То был зенит его славы; считалось неприличным не упомянуть имя Грацианского в одной строке с выдающимися деятелями советского земледелия, садоводства и огородничества. Уже сам Иван Матвеич склонял перед ним голову с чувством вины, не за свои теории, впрочем, а от сознания ограниченности своего разума, неспособного понять величие этого деятеля. И хотя ничто пока не предвещало заката в судьбе Александра Яковлевича, какая-то непостижимая ущербность внезапно появилась во всем облике его и в поведенье. Он стал заискивать у скромных, обычно умолкавших в его присутствии сотрудников, часто заговаривал о своем намеренье вернуться к чистой математике или к исторической деятельности, почти молящим взором скользил за Иваном Матвеичем, когда тот хромающей походкой пробегал мимо него.
...Случилось, в конце сентября 1941 года на последнем заседании, где обсуждались вопросы эвакуации, они оказались за одним столом.
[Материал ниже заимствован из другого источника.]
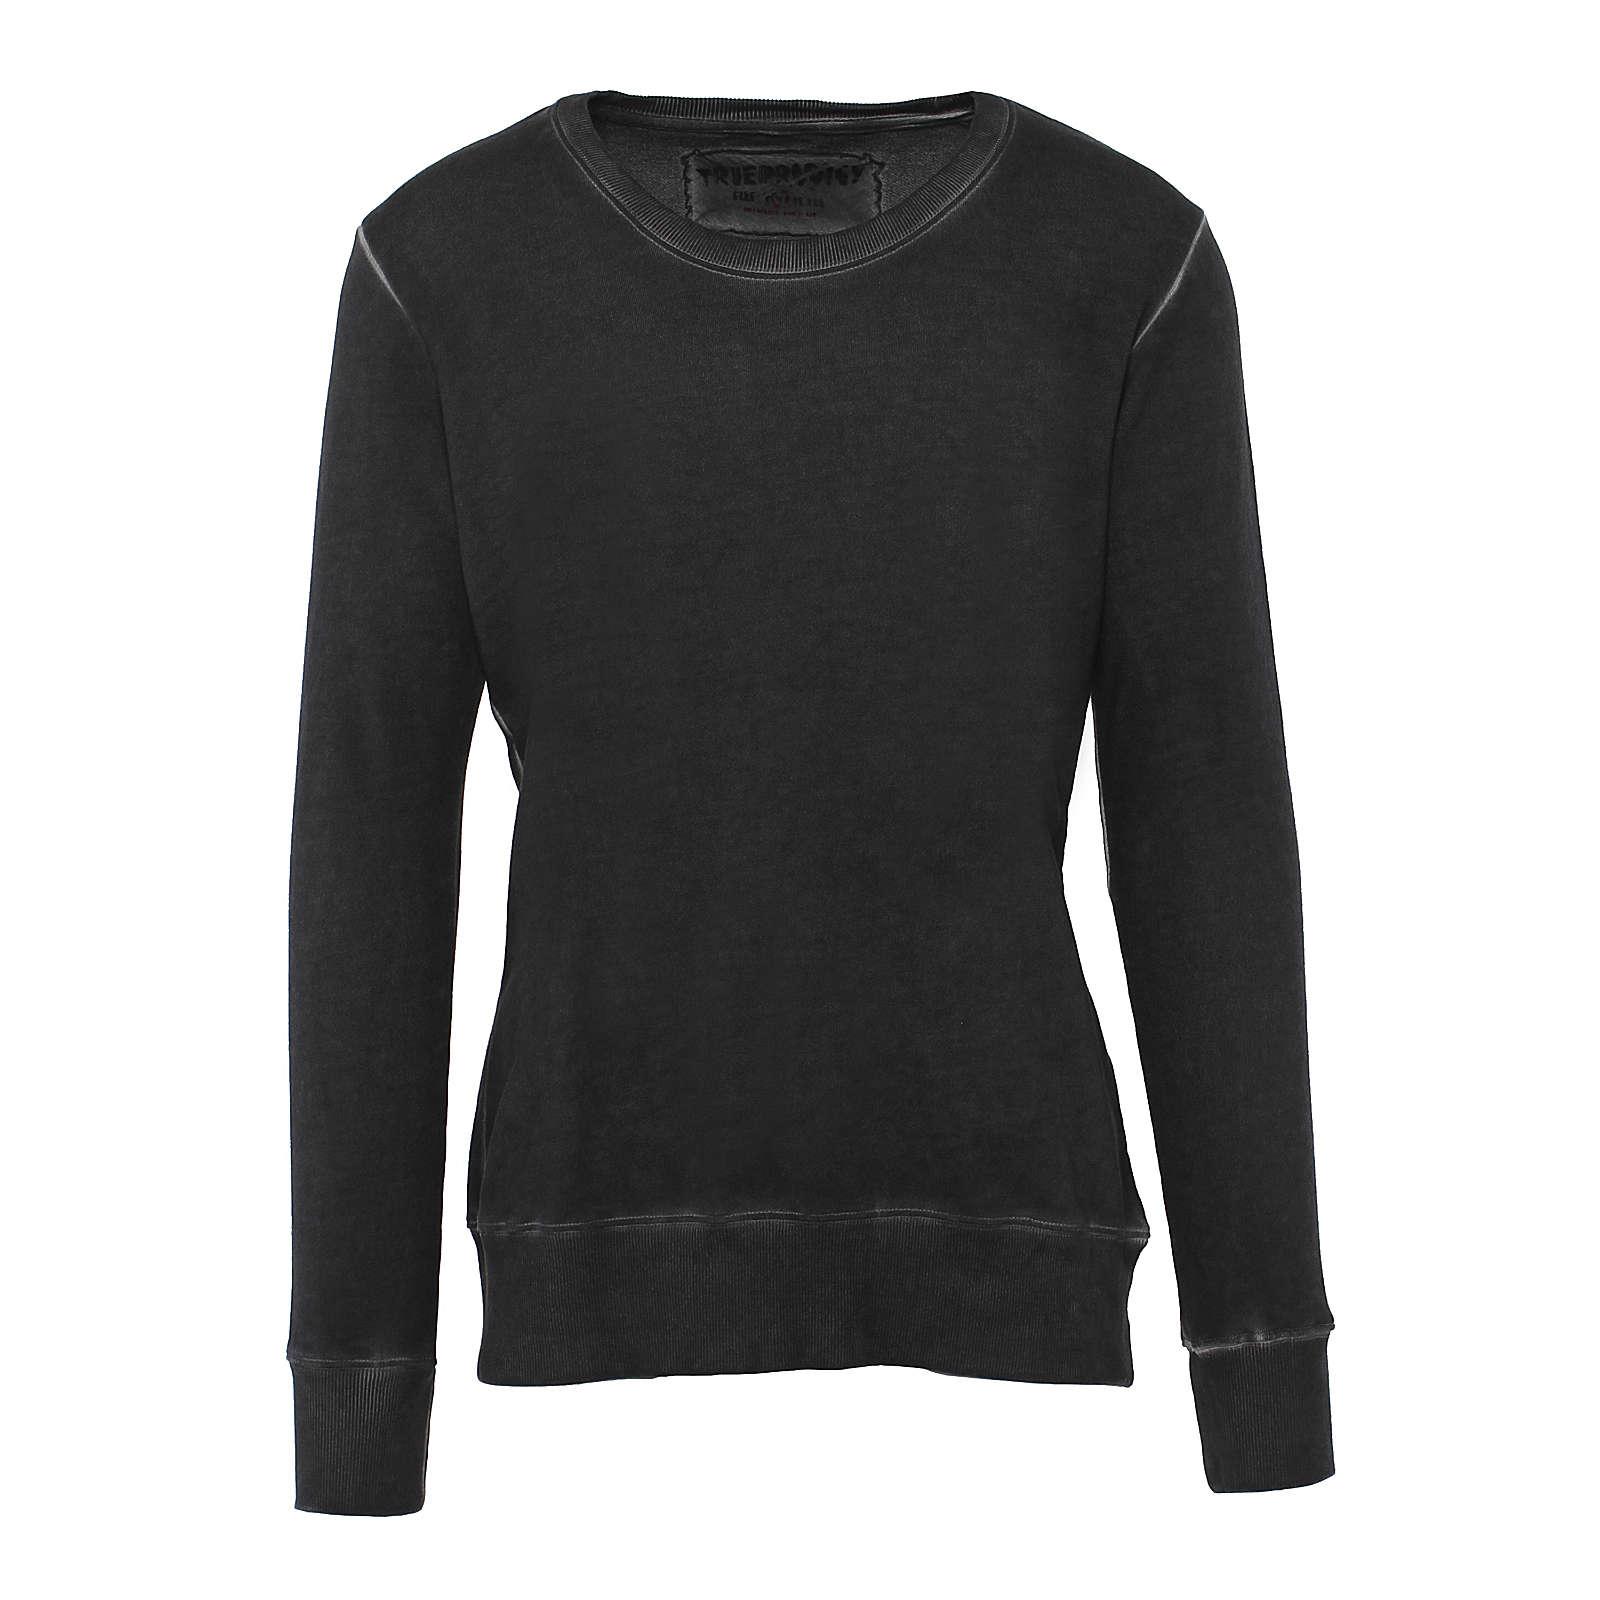 trueprodigy® Sweatshirt Hodor im Casual-Look anthrazit Herren Gr. 54

Внезапно, без объявления тревоги, загрохотали зенитки кругом, и ученый совет перебрался в сводчатый подвал, где когда-то хранились спиртные запасы екатерининского вельможи.
— Заметь, Иван, столетия прошли, а еще пахнут стены-то: дыхание Диониса! —шепотом поделился Александр Яковлевич, плечом касаясь вихровского плеча. — Как видно, Москву покидать не собираешься? Я, брат, тоже надумал остаться... надо же кому-нибудь присматривать за институтом... Говорят, ты еще одну книгу закончил? Страшный ты человек, Иванище, во всякую погоду
393
бежит твоя стружечка, и никакая ржавчина к тебе не пристает.--Иван Матвеич все отмалчивался, и тот решился на прямой вопрос; — Опять что-нибудь эпохальное, в трех томах?
— Нет, на этот раз просто руководство по применению леса в долговременной обороне, — суховато отвечал Иван Матвеич, хотя на самом деле он занимался тогда авиадревесиной. — Одно время я интересовался технологией сырого дерева... таким образом.
— Ты поосторожней, не увлекайся. Я, брат, и сам правой рукой пишу, а левой в то же самое время вычеркиваю. Вот попалась мне на днях стенограмма твоей вступительной лекции в этом году: читал я и за голову хватался. Ну, зачем тебе снова и снова дразнить гусей, Иван? Ты сообрази только: они объявляют все это опиумом для народа, а ты...
— Кто это они? — нахмурился Иван Матвеич. — Они — это мы.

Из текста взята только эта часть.